Someone mentioned that it is good to see an experienced squeaker 'drive' as an introduction to the environment.  I would have loved to have been introduced in this way.  I've not had the pleasure of watching someone at close hand, but I have trawled the internet for various web-casts of Alan Kay and others presenting at conferences and universities.  If you can watch or show some of the 'computer revolution hasn't happened yet', Stamford, and Croquet presentations 

http://www.lisarein.com/alankay/tour.html as an example

then one can get a feeling of the real sense of power and vision that is 'Squeak' - ultimately because it can be your own 'vehicle' to do whatever you want.  I try and point people in the direction of these webcasts because they do a much better job than me.  Hopefully by getting a new user excited and showing them a bit of the 'wow' they can learn to help themselves and not be so shocked by the initial experience!  I appreciate that it can be hard and frustrating at first.  I haven't seen the DVD yet (you did mention that which sounds a great intro) so I'm looking forward to it.

The presentations can be quite long, and aren't necessarily a direct introduction to Squeak, but I think it is really important to have a sense of history - maybe more so personally because I'm from a computing background that has so many established opinions about things - and a sense of the future like e-toys and Croquet.  

Demoing Croquet just blows people away.  I get people say 'So this code is Smalltalk right? and err.. why would I want to use something that old ?' - and I'm like, 'well you tell me?  here's a browser and here's the source code, here's the particle system, and this is the 3d stuff here, and oh, did I mention that this is cross-platform?'.  It pretty much stops arguments of 'you can't do that' or 'yes, but it'd be soooo slow'.  Anyway I like the argument that if you have an environment that lets you develop something as powerful as Croquet then its worthwhile learning to do something simple in it.  Squeak is an example of that in itself but I think Croquet is more tangible depending on the skill of the 'driver' :-)
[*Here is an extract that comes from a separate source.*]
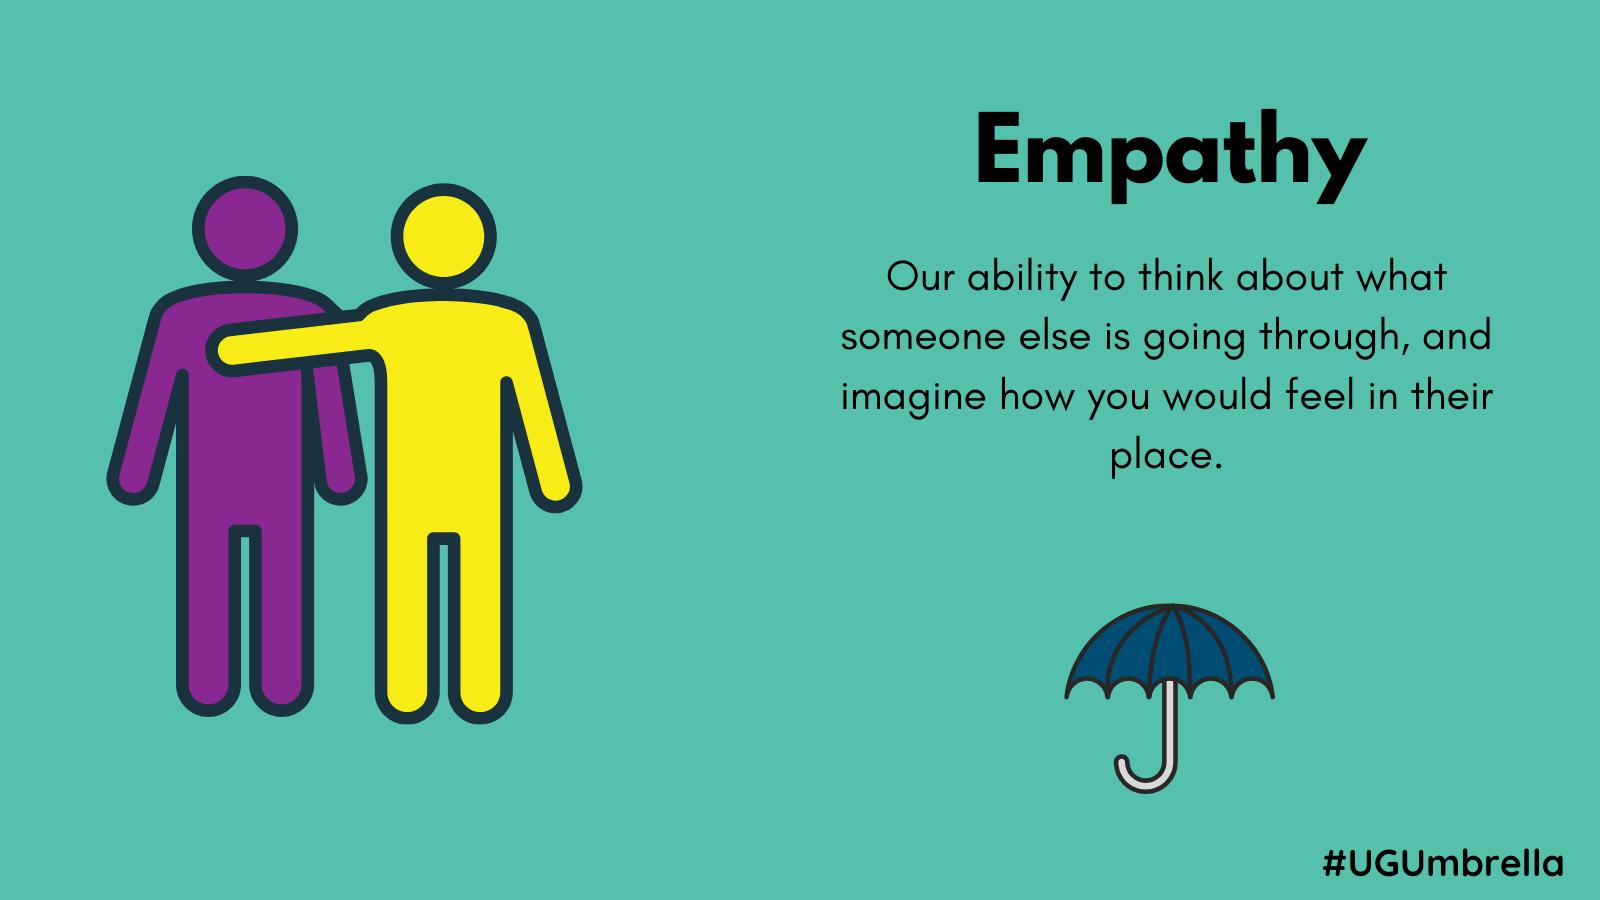 December Umbrella Project Photo describing empathy
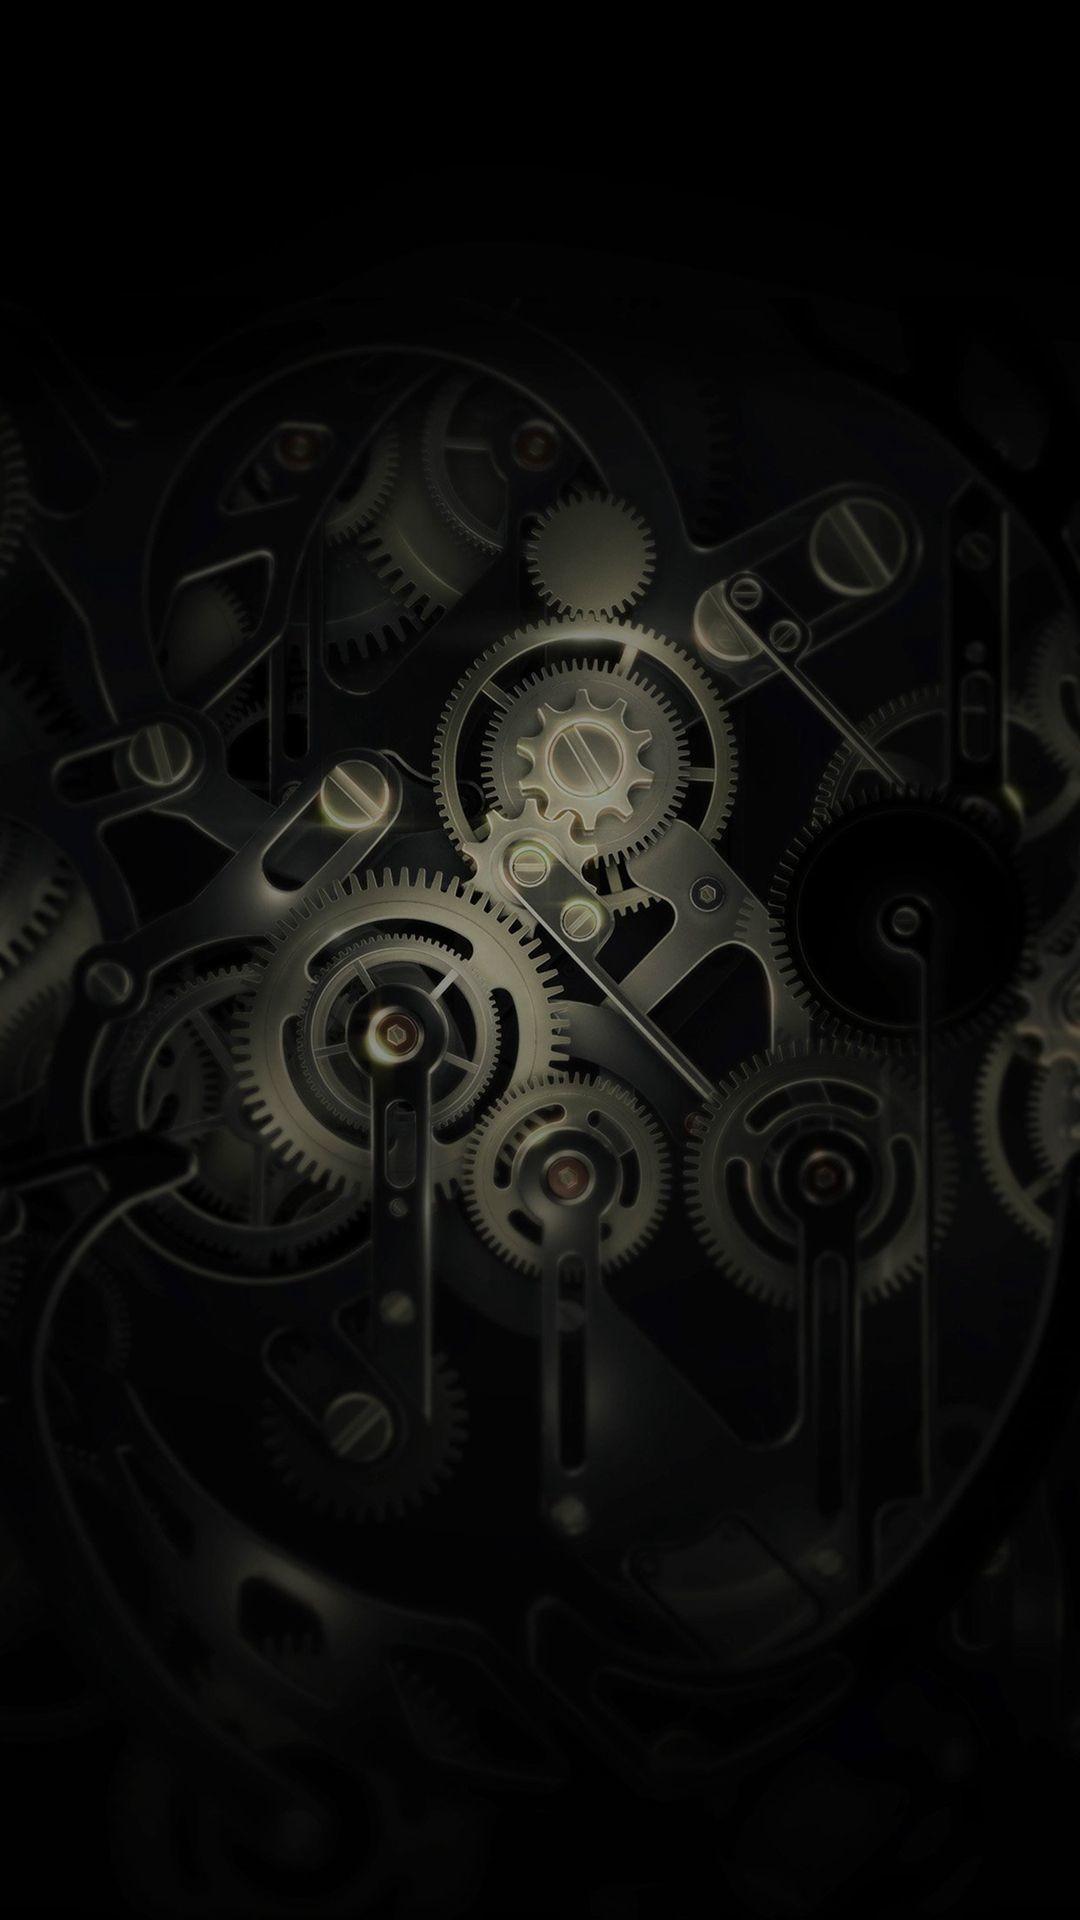 Res: 1080x1920, Huawei Mate Gear Dark Illust Art iPhone 6 wallpaper

>From the audio point of view, and you may have already seen these, Mark Guzdial wrote some Active Essays

http://swiki.cc.gatech.edu:8080/compMusic/ActiveEssay

which I looked at a while back.  They work on a number of levels and show many aspects of learning about sound, sound in Squeak, Squeak as an authoring environment and Squeak itself - the meta-environment.

> So, I'm wondering how to help others get over that initial shock, so they
> don't just say "what the hell is this, this looks very cryptic" and not
> dig further to find the good stuff.

I think playing in the workspace and inspectors is a great way to learn about the very minimal language syntax.  Then the realisation that (almost) any piece of text can be used to dive into the class library - since that is where the power lies.  So if you see something capitalised like a class you can highlight it and alt-b to browse the code.  or if something looks like a message sent to an object you can see if an object implements it alt-m or sends it alt-n.  The later two have been key for me in getting around the system - but it took me about a year to start using them.  I also use the debugger quite a lot to step through the actual work done by the system in evaluating an expression.  Whilst the debugger is open you can then use that to bring up more browsers and implementers/senders windows.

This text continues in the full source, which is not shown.